Quand le premier des deux retardataires rattrapa le groupe devant la herse, le signal fût donné pour ouvrir les portes de la citée. Les hommes s'agitaient à l'avant, impatient.

- Hé ! Vous en avez mis du temps. C'est pas qu'on gèle sur place, mais ça doit bien faire trois heures qu'on vous attend ! Grogna l'un d'entre eux.

- Arrête de râler, le reprit Hebriech. Les discours de départ et les formules de politesses ça prend toujours des heures à Gil'ead, tu le sais bien.
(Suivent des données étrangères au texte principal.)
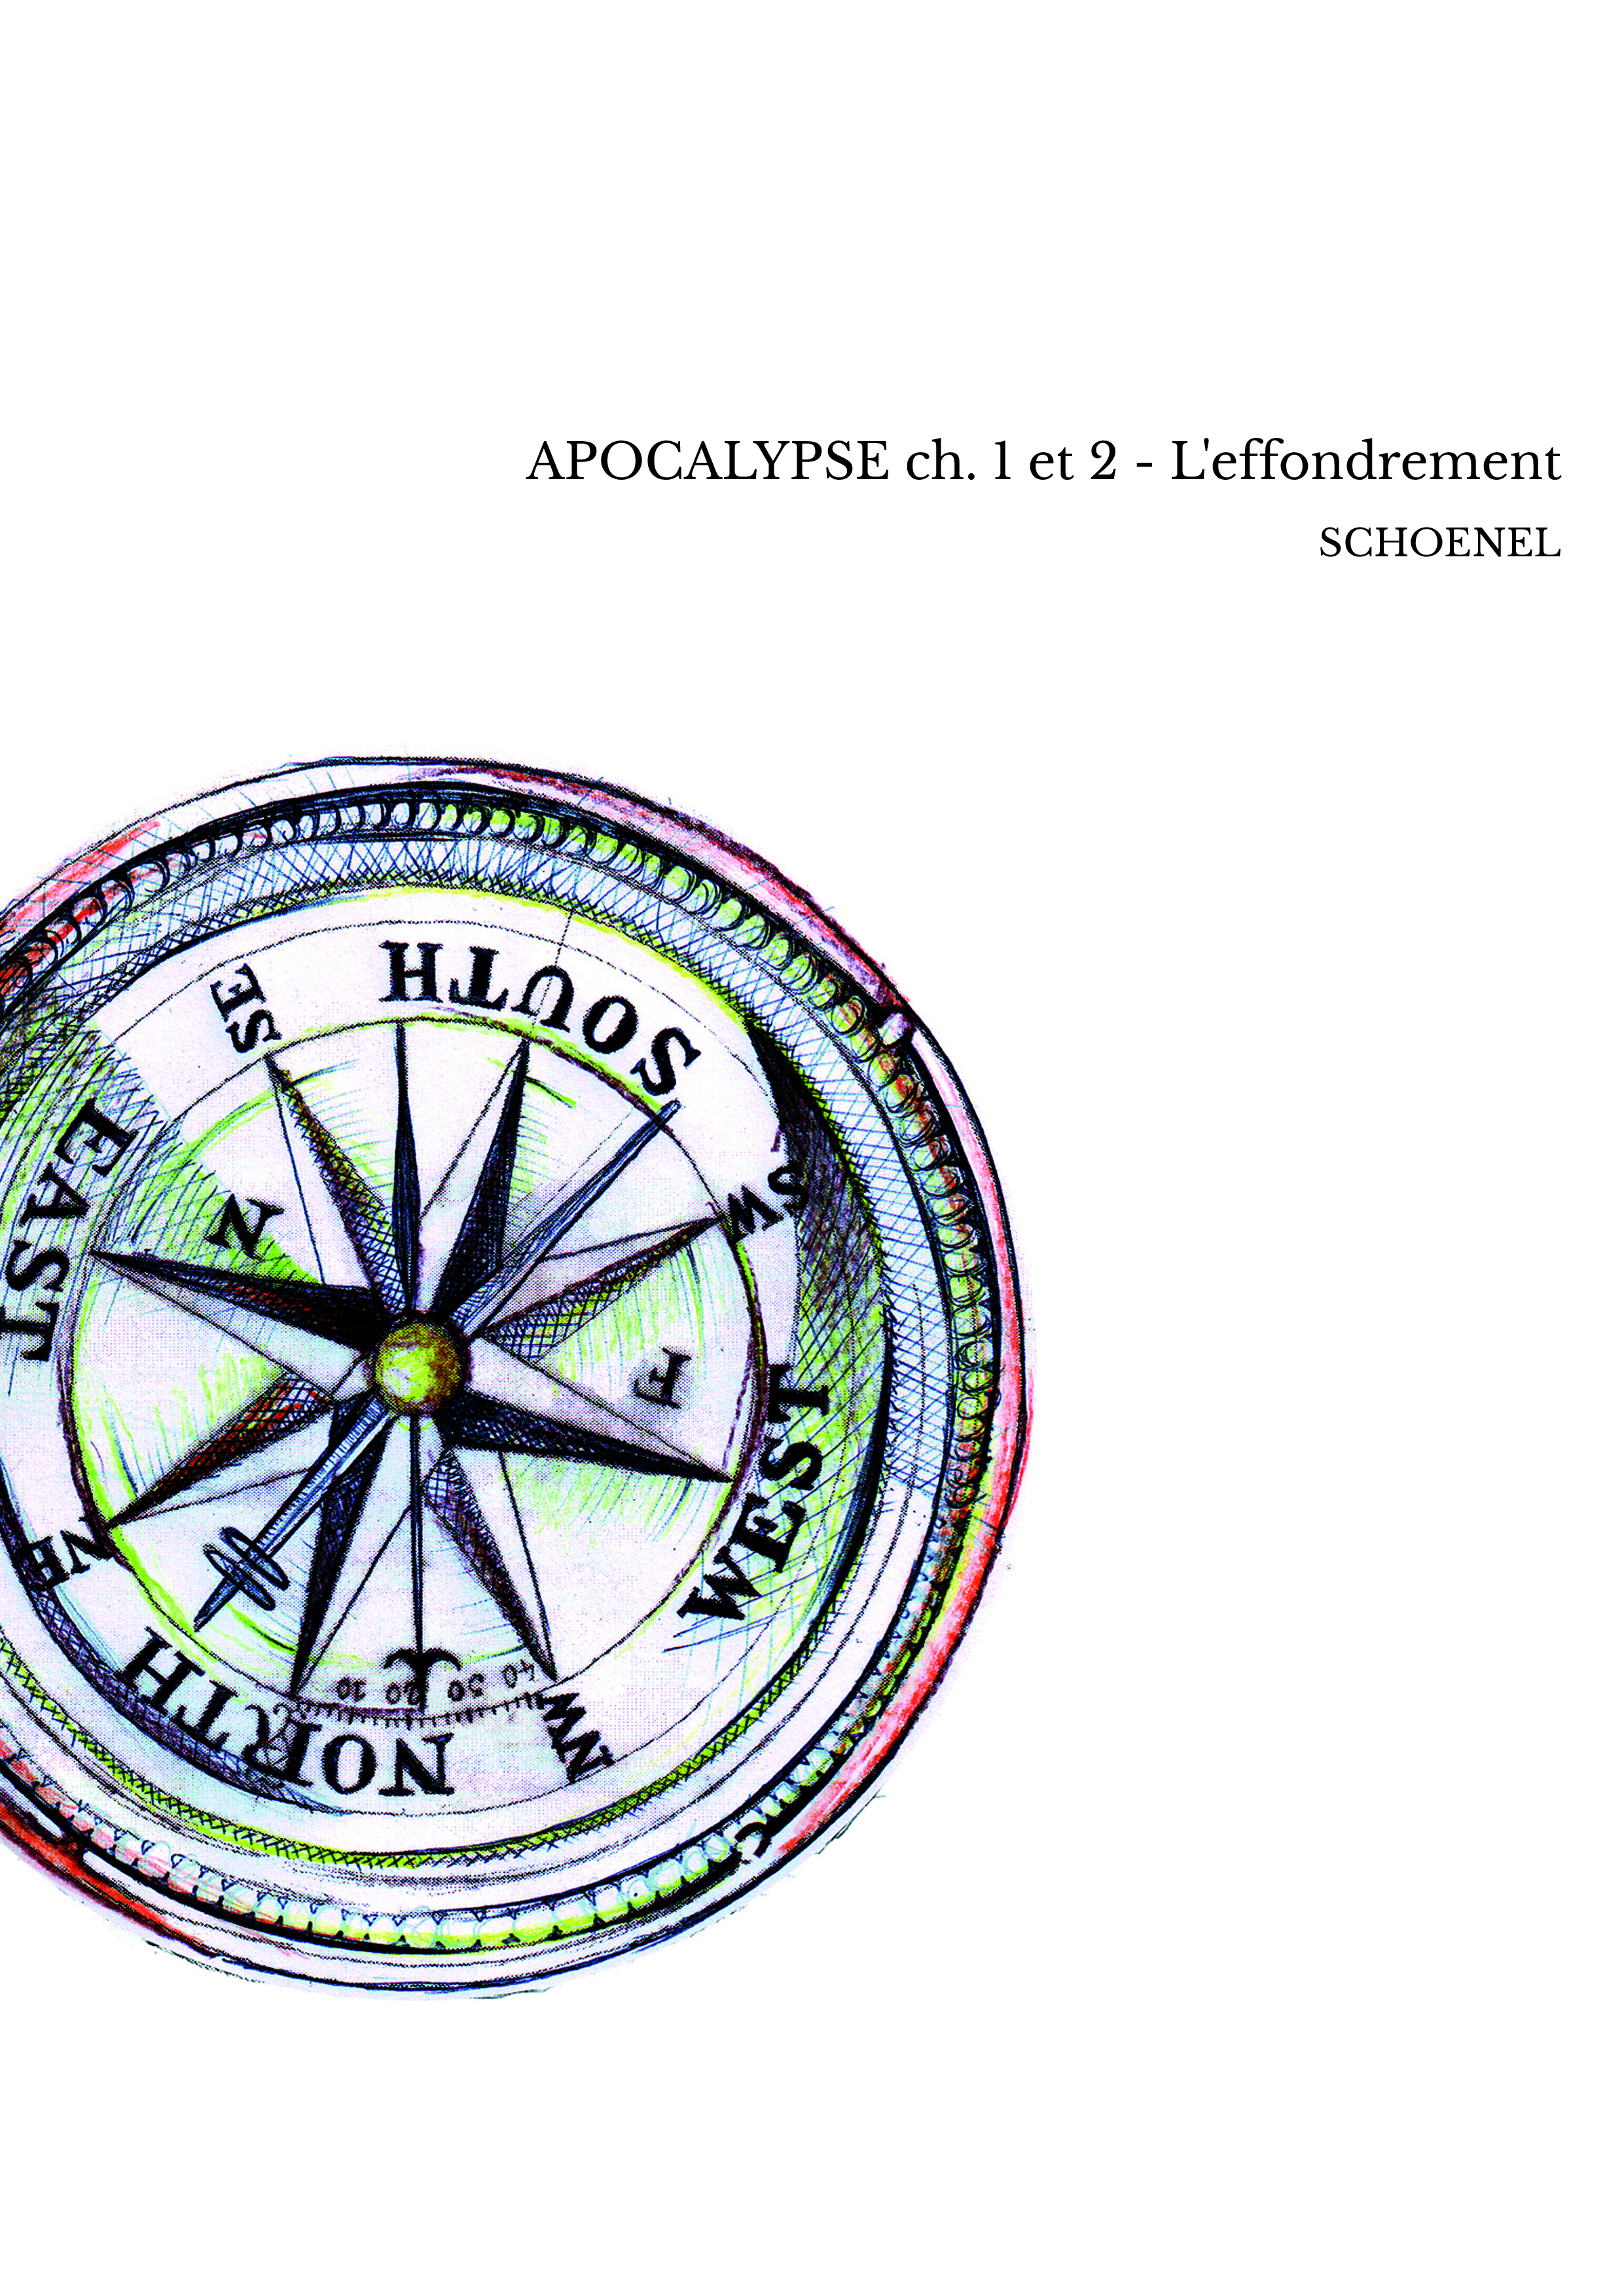 APOCALYPSE ch. 1 et 2 - L'effondrement

- Nalfin quant est-il des œufs ? S'enquit Dyn sans prêter attention aux deux autres.

Pour toute réponse, l'un des elfes jeteurs de sorts lui tendit un petit coffret sculptée. Dyn caressa les motifs du couvercle, connaissant le trésor qu'il renfermait. Après un hochement de tête approbatif de Nalfin, il fixa le coffret à sa selle à l'emplacement prévu. L'autre œuf fût confié à l'un des elfes situés au centre de la troupe. Le meneur du peloton leva les mains et dans un élan commun, la main d'argent se mit en route. Dyn posa une dernière fois son regard sur les toits de Gil'ead en rabaissant la capuche de sa cape. C'est sous la pluie battante qu'ils traversèrent les portes de la citée au galop, portés par les rouages du destin.